It is very likely that 4-D printing will become the next big thing. It is a very unique and mind blowing concept that most people probably thought would never be possible. People are going to want to see it to believe it sort of deal. I do not see it being anything but big.
Just by the simple description of what is involved with 4-D printing is enough to propel it to being the “next big thing”. The thought that images can form on their own is almost beyond even the most scientific and analytical mind. This whole idea of printing in the 4th dimension of its own would be a huge addition to the world. 4-D printing, which may well incorporate nature itself into the printing process, may be even more than the next big thing.
4-D printing most likely will not become the next big thing. It would cost hundreds upon hundreds of dollars just to make a large quantity of these items and to actually distribute them around the country. It is unlikely they are going to do that, so I doubt it will be the next big thing.
Where exactly do you see 4-D printing being used except in limited scientific endeavors?
This is pure nonsense. And, it sure as Hades won't be a huge addition to the world. And, incorporate nature? You are really out there. Are you on drugs?
"As part of Institute for the Future's research project on what we're calling "The Coming Age of Networked Matter," we've looked at progress around programmable materials that can morph and self-assemble. MIT professor and TED fellow Skylar Tibbits is pushing on this idea with what he dubbed "4D printing, where the fourth dimension is time," meaning that the printed objects change shape over a certain period. (Thanks, Jake Dunagan!)"
Currently there are no commercial 4-D applications. From what I can tell, two simple small toy objects have been created from plastic that changed shape when put in a liquid over time.
This is just BS. It will never produce anything except jobs for MIT professors living in a fantasy world. It is sad that millions of dollars are wasted on nonsense like this.
3-D printing is very limited and can only make objects from one material. And, to do it, you have to be a CAD expert.
Technology has its limitations
While there are websites offering a variety of downloadable designs, Ratto says most of the people using the CAD software are trained professionals, not the average hobbyist.
That creates major obstacles for a layperson wanting, e.g., to 3D print a small piece of a closet door that is likely available at a reasonable cost in a traditional store, Ratto says.
Another limitation is that the printers create an object out of only one material when most consumer goods are made of many.
3-D printing is OK for building design models, but it will never replace high volume production because it is not cost effective.
How is 3-D printing different from traditional manufacturing?
“Additive manufacturing allow manufacturers to produce parts without the capital investment of tooling/mold design; however, each part takes more time to produce (it is a low volume technique). Additionally, the available materials are limited (though metals, plastics, and ceramics are available – there are few examples from each class), the print resolution of the parts in commercially available 3-D printers is less than the finish from most mass manufacturing techniques (e.g., injection molding).
For high volume production, 3-D printing is not cost effective; but, for the design process, it makes a lot of sense.

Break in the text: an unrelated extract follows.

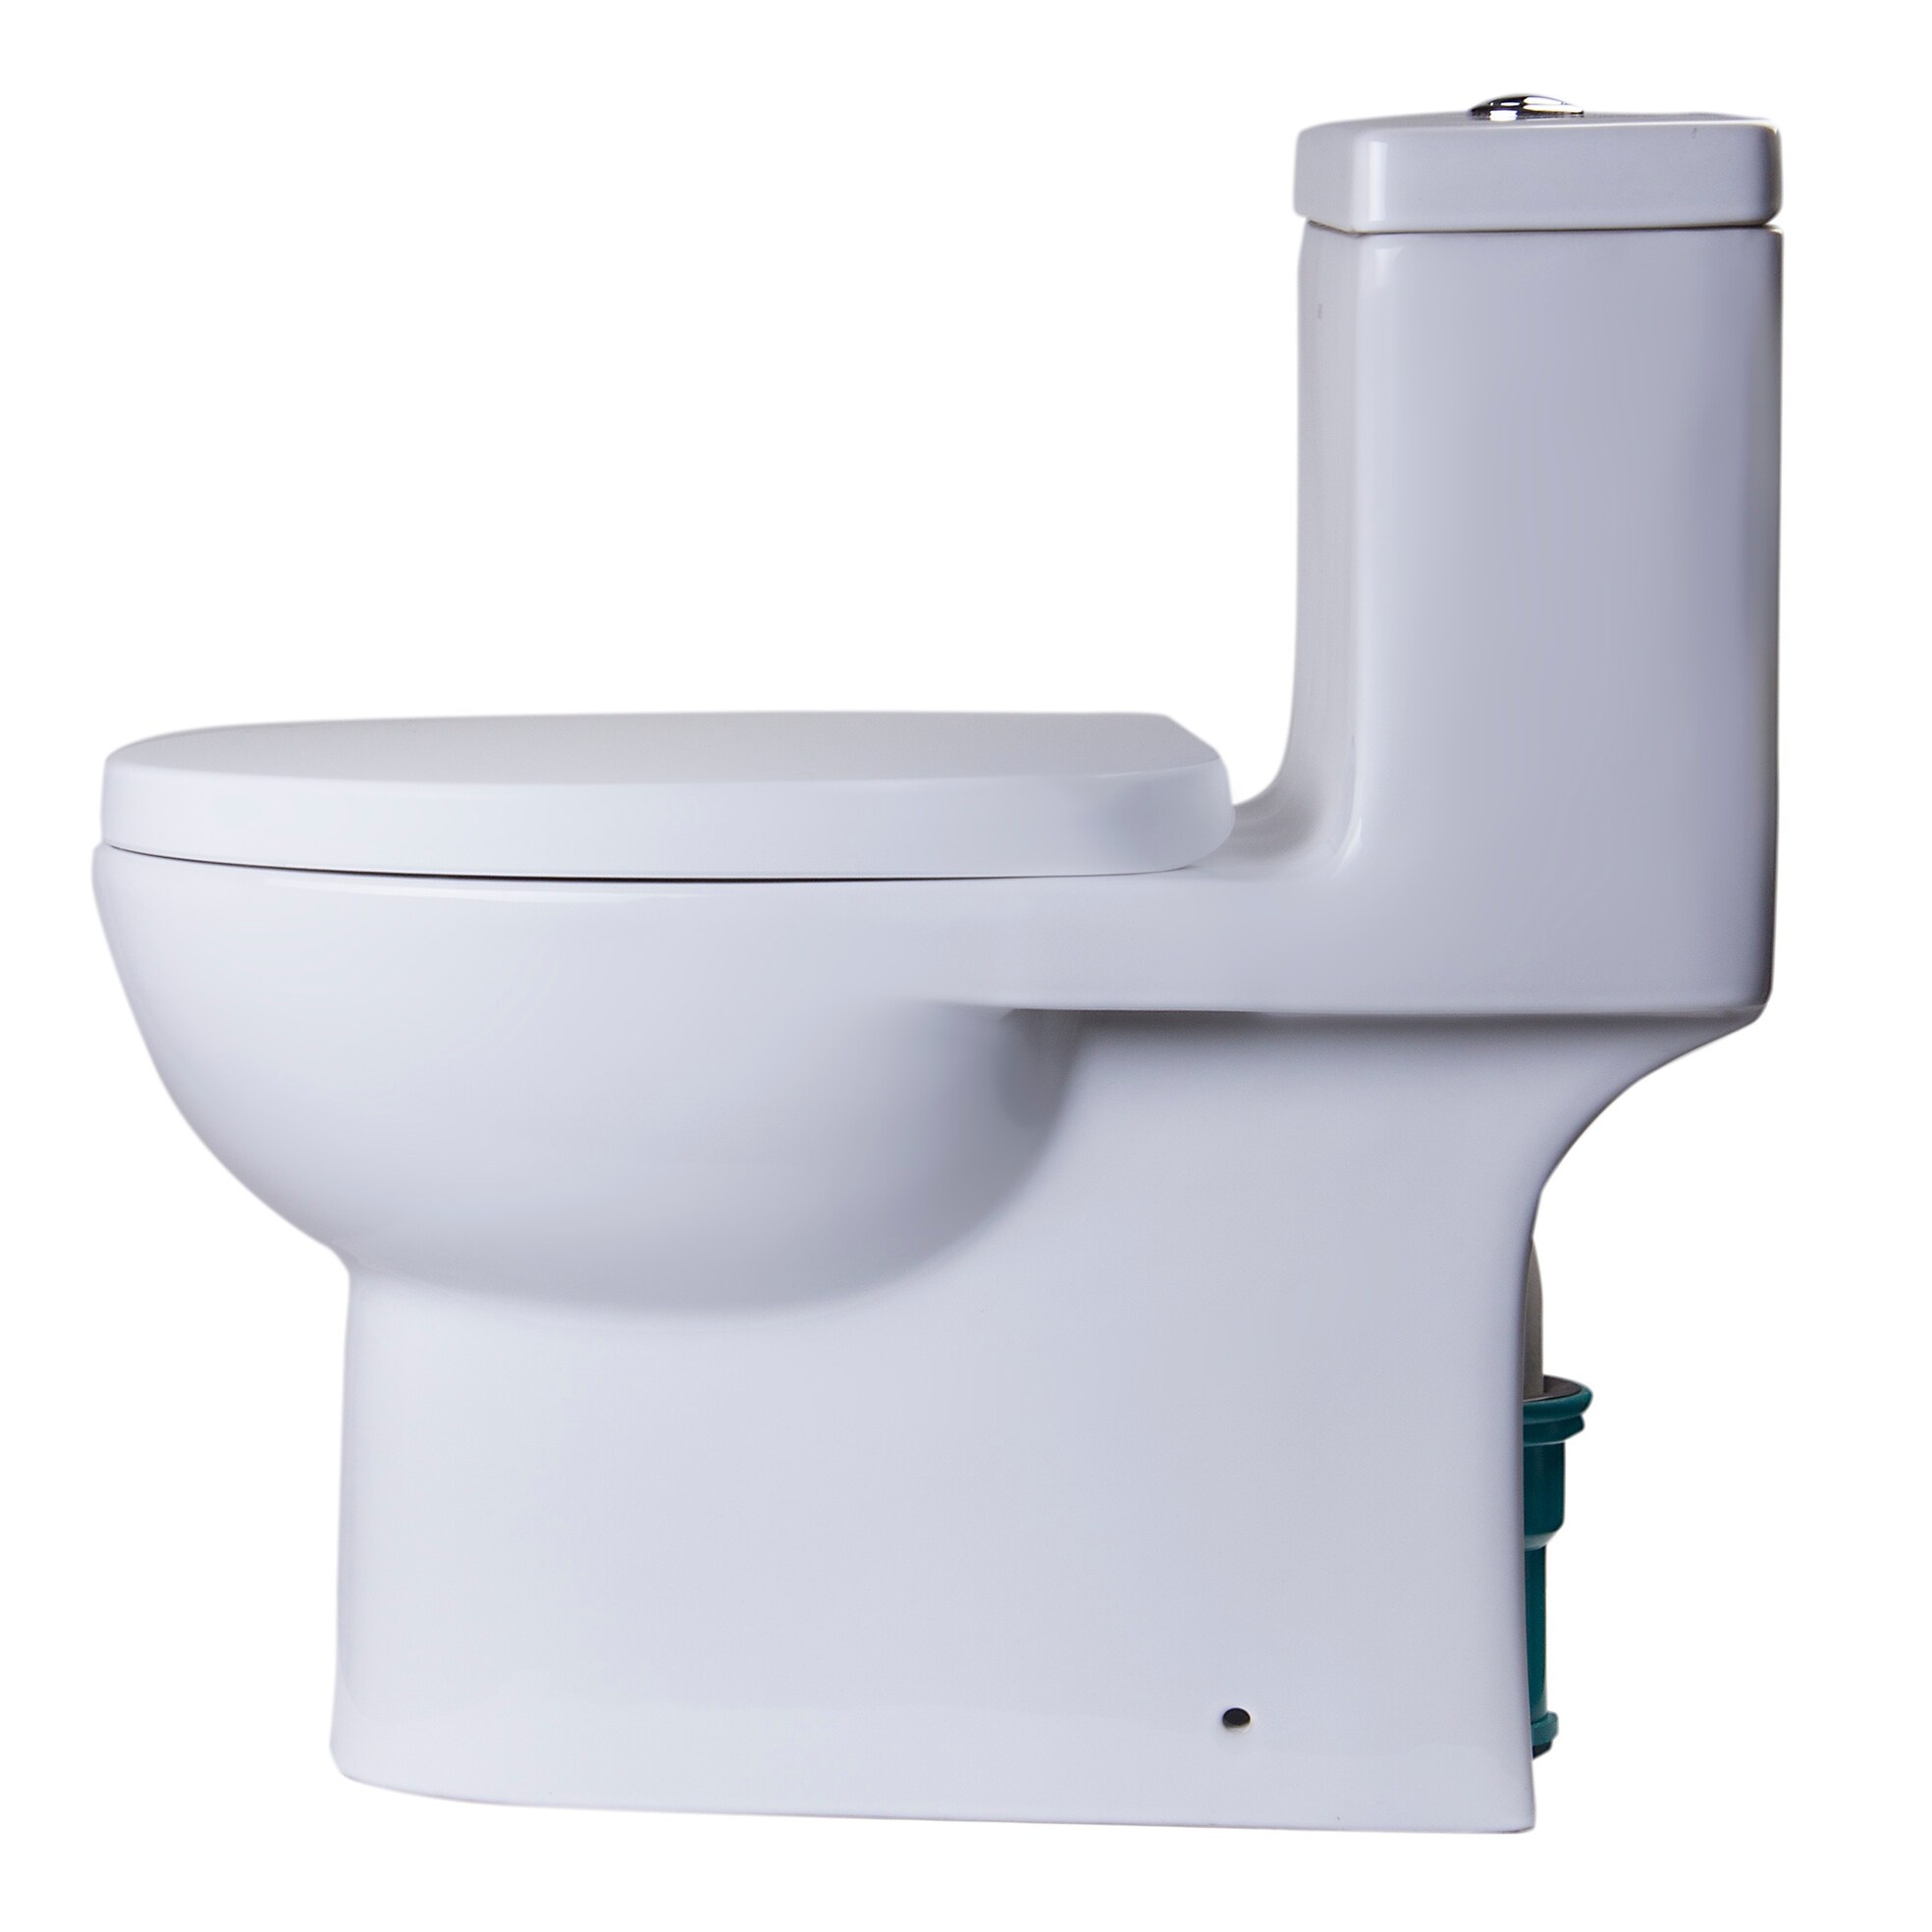 EAGO TB359 White Porcelain Dual Flush One Piece Eco-friendly High Efficiency Low Flush Toilet

For low volume production of high-value-added items like prosthetic limbs and medical implants, or custom disposables like toothbrushes, or cell phone cases, it may also make sense.”
––– Prof. Robert Shepherd, mechanical and aerospace engineering
What are the limits?
“The material formulations are the first limitation as they are required to be a liquid during extrusion but a solid soon after. Second, the width of the print path is limited to the available diameters of the extrusion nozzle. Third, non-self supporting structures require co-printing a sacrificial mold structure.”